Which scientific studies? Interested.

------
nimos
Has anyone seen what the promoted tweets were? Would be interesting to see
which tweets got promoted.

The twitter report says:

"Based on our findings thus far, RT spent $274,100 in U.S. ads in 2016. In
that year, the @RT_com, @RT_America, and @ActualidadRT accounts promoted 1,823
Tweets that definitely or potentially targeted the U.S. market. These
campaigns were directed at followers of mainstream media and primarily
promoted RT Tweets regarding news stories."

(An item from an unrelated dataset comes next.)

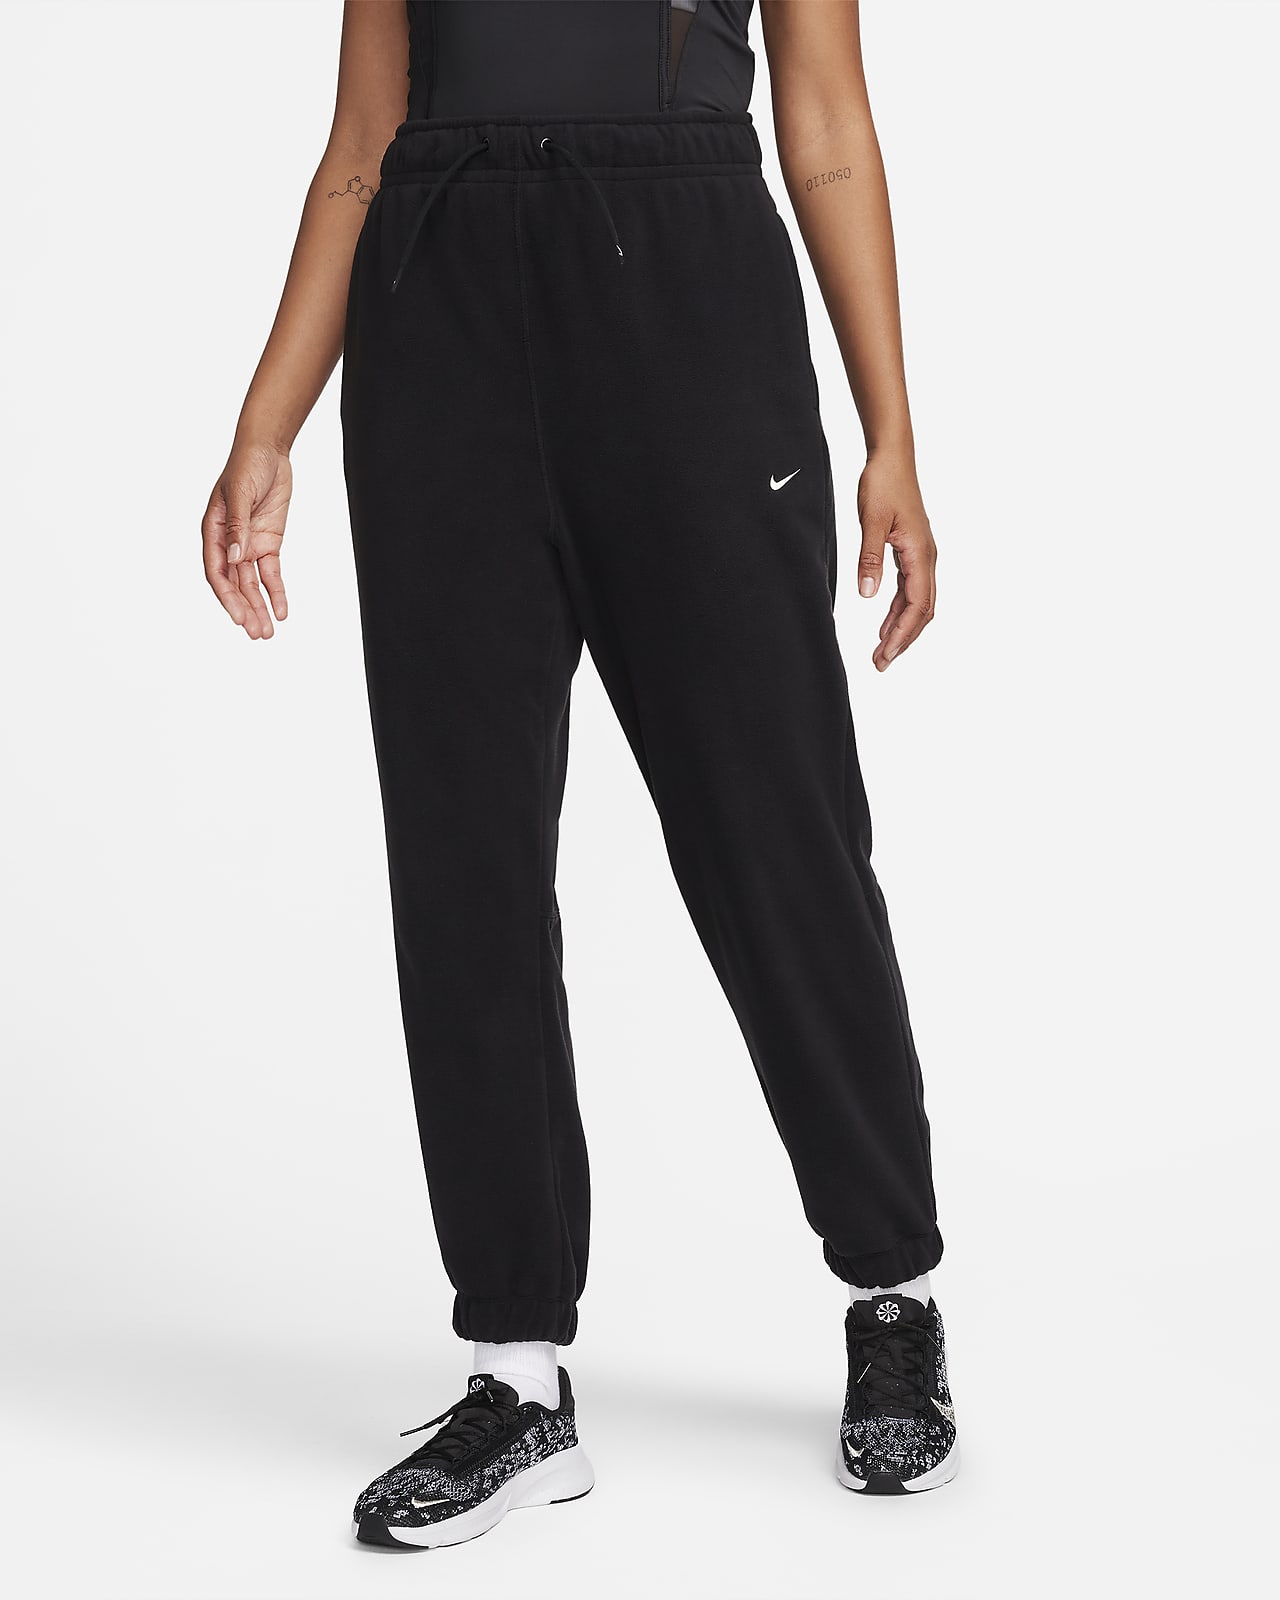 Pantalon à coupe ample en tissu Fleece Nike Therma-FIT One pour femme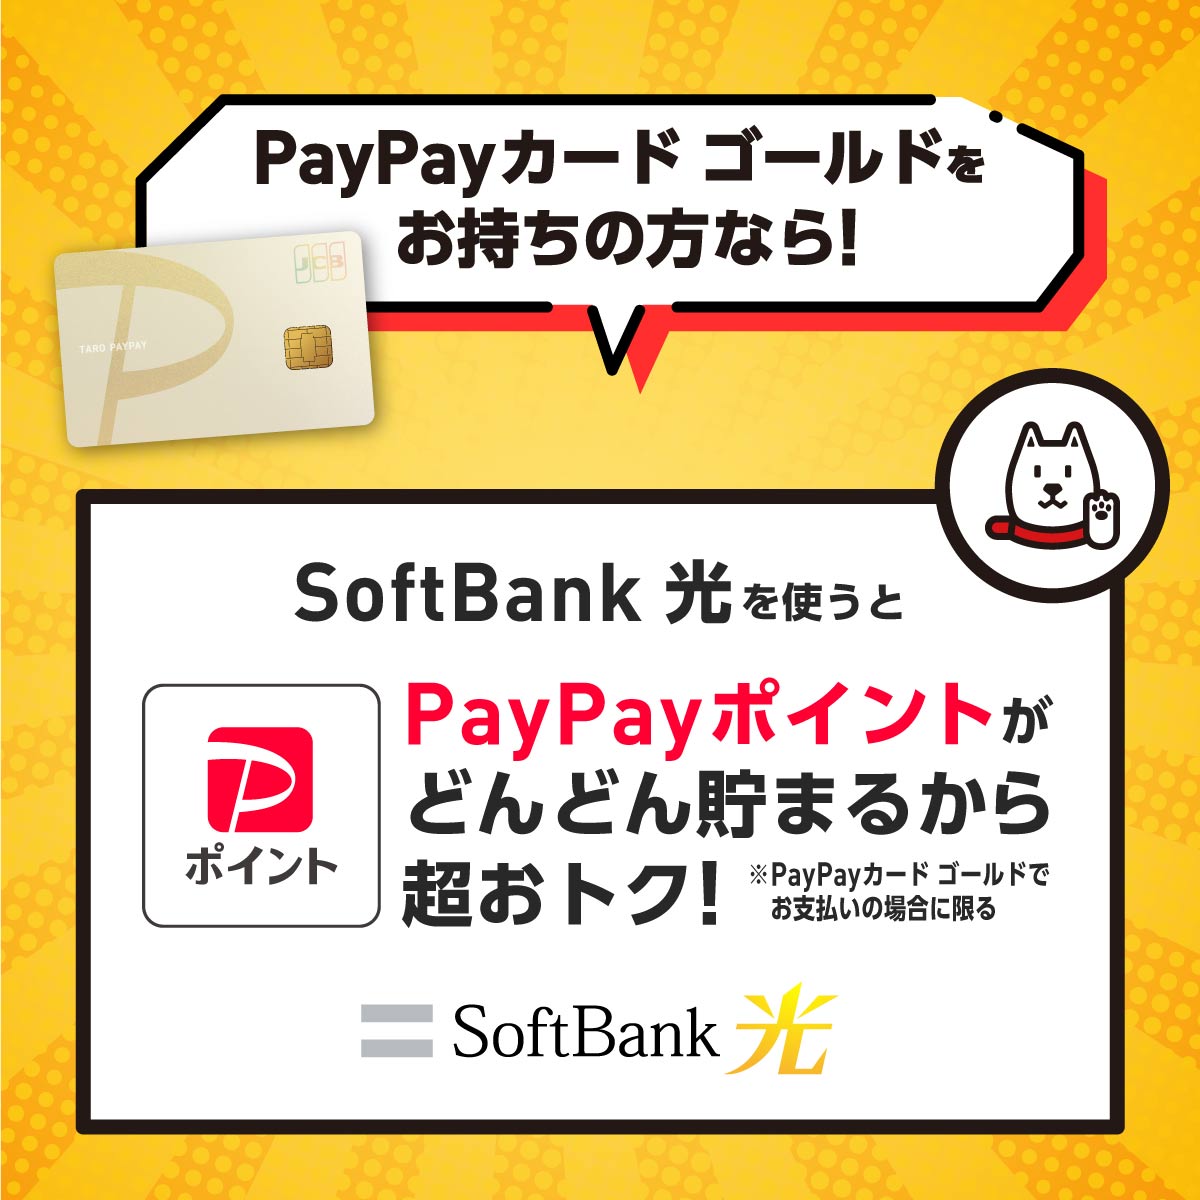 PayPayカード ゴールドをお持ちの方なら!_ソフトバンク

Which doesn't seem particularly nefarious to me. Does RT have a political bend
to their organization? Probably. What state funded news organization doesn't?
It's 270k on stuff that "definitely or potentially" targeted Americans? What
does potentially mean and what is the breakdown? What % actually had to do
with the election?

Also if I have the timeline correct Twitter bans RT from advertising two hours
after they publish their side of the events?

------
powertower
That is more or less the main way the media in the US, the EU, and some other
world regions, is operating right now.

For each major story, they remove all the real details, even the context, and
just present you with a well crafted narrative which itself is mostly
supported only by promises of inside-knowledge, secret/anon sources, and
"proofs" that are never released.

Then after some time passes the details are re-introduced by the non-liars and
the narrative collapses.

Except nothing changes because the general public has already been conditioned
to want to be lied to daily and just moves on to the next fake-news story.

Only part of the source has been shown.